# [Instructions to follow]
Everything in the data except the pictures belongs in your answer, copied exactly.

# [Data]
-=-=-=-=-
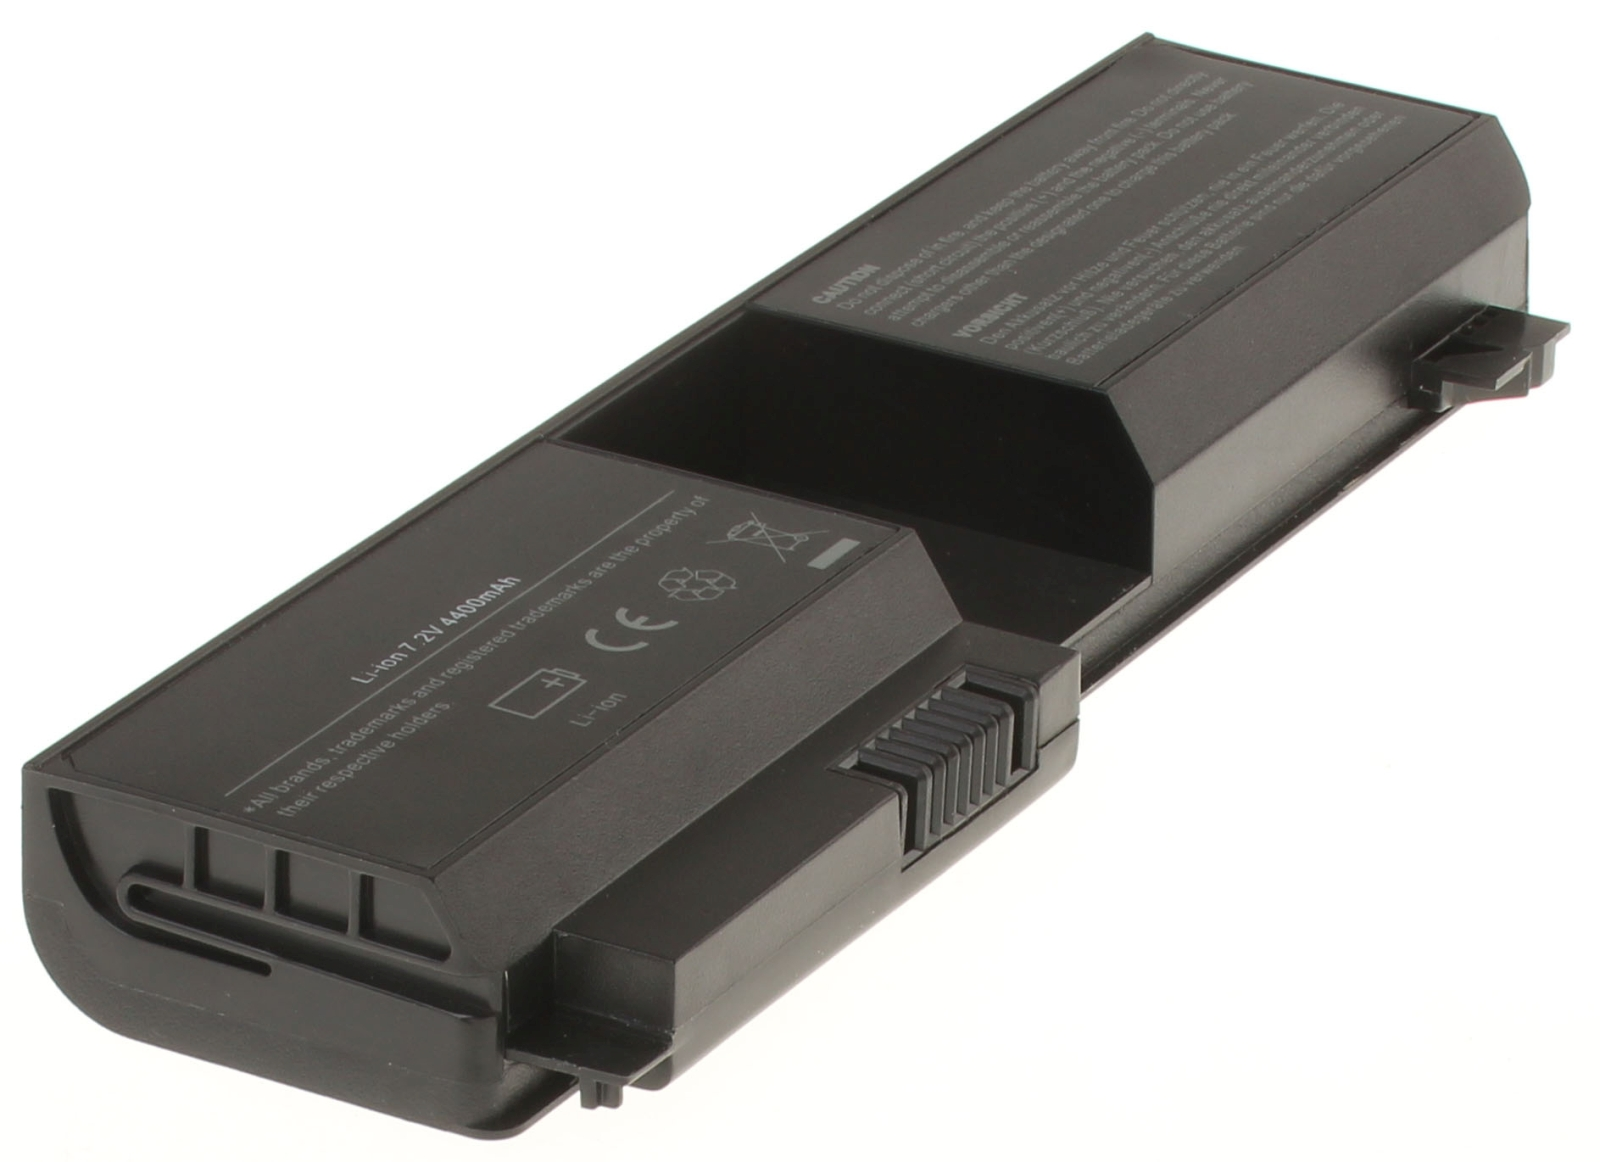 Аккумуляторная батарея HSTNN-OB41 для ноутбуков HP-Compaq. Артикул iB-A281.Емкость (mAh): 4400. Напряжение (V): 7,4
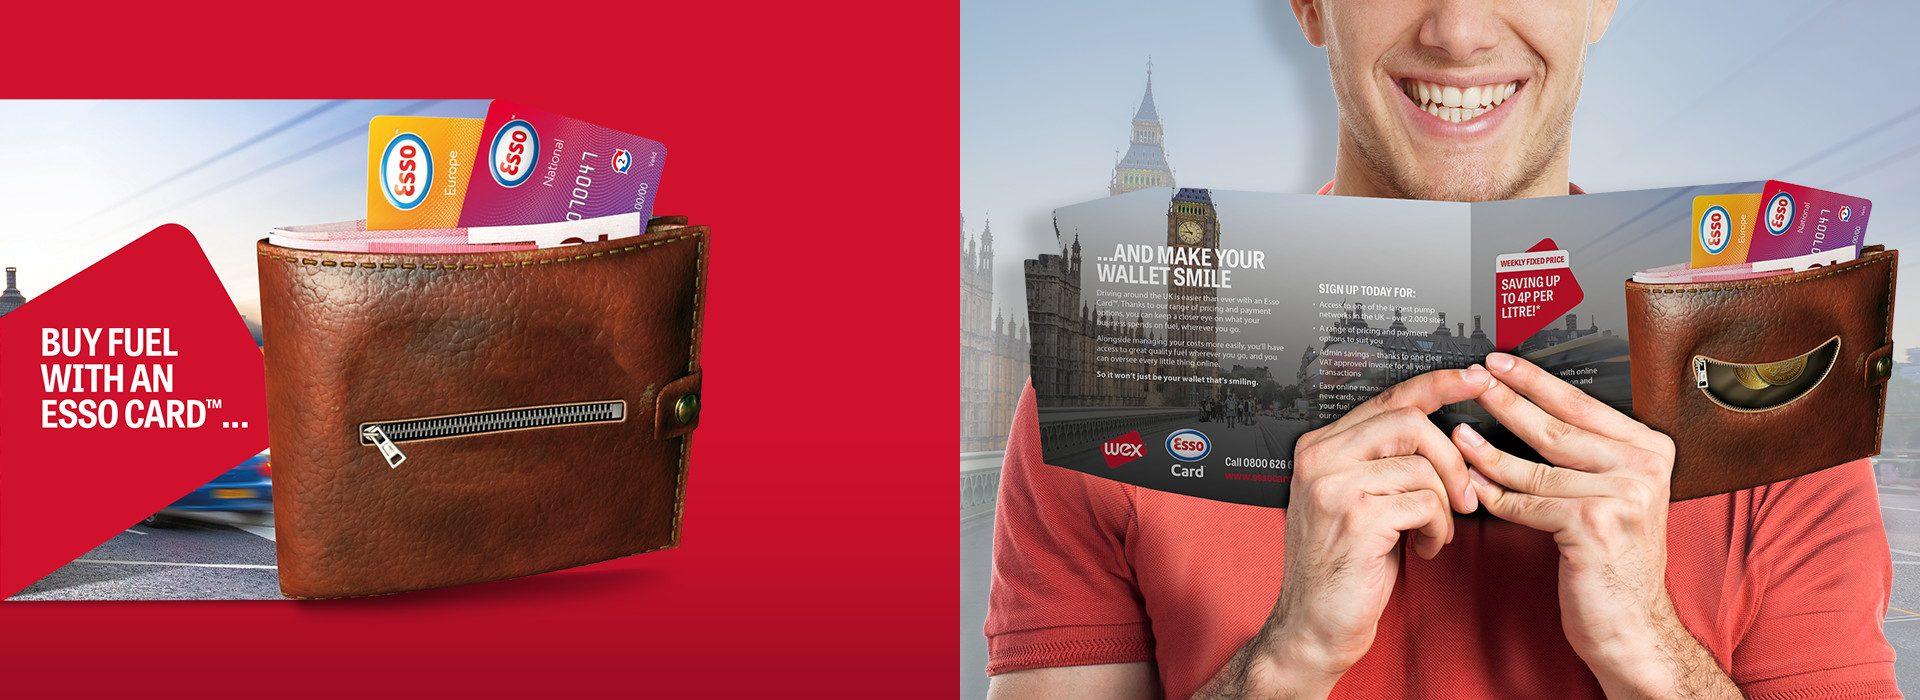 e47bdf7aad Pan European B2B marketing campaign for Esso Fuel Card
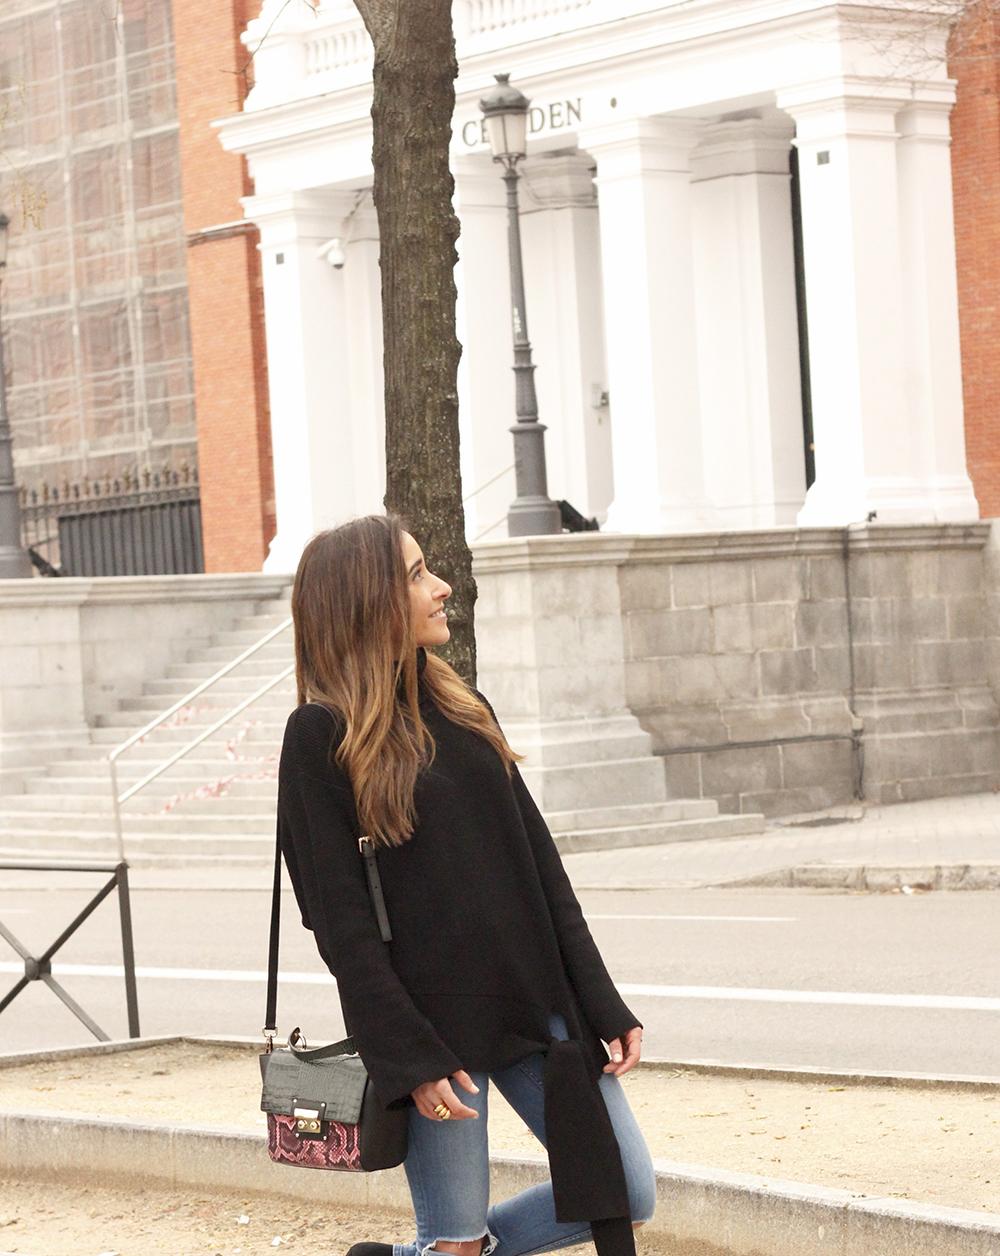 Black turtleneck sweater Uterqüe black ankle boots winter oufit 201803
-=-=-=-=-
# [Answer to this task]
 Аккумуляторная батарея HSTNN-OB41 для ноутбуков HP-Compaq. Артикул iB-A281.Емкость (mAh): 4400. Напряжение (V): 7,4
 e47bdf7aad Pan European B2B marketing campaign for Esso Fuel Card
 Black turtleneck sweater Uterqüe black ankle boots winter oufit 201803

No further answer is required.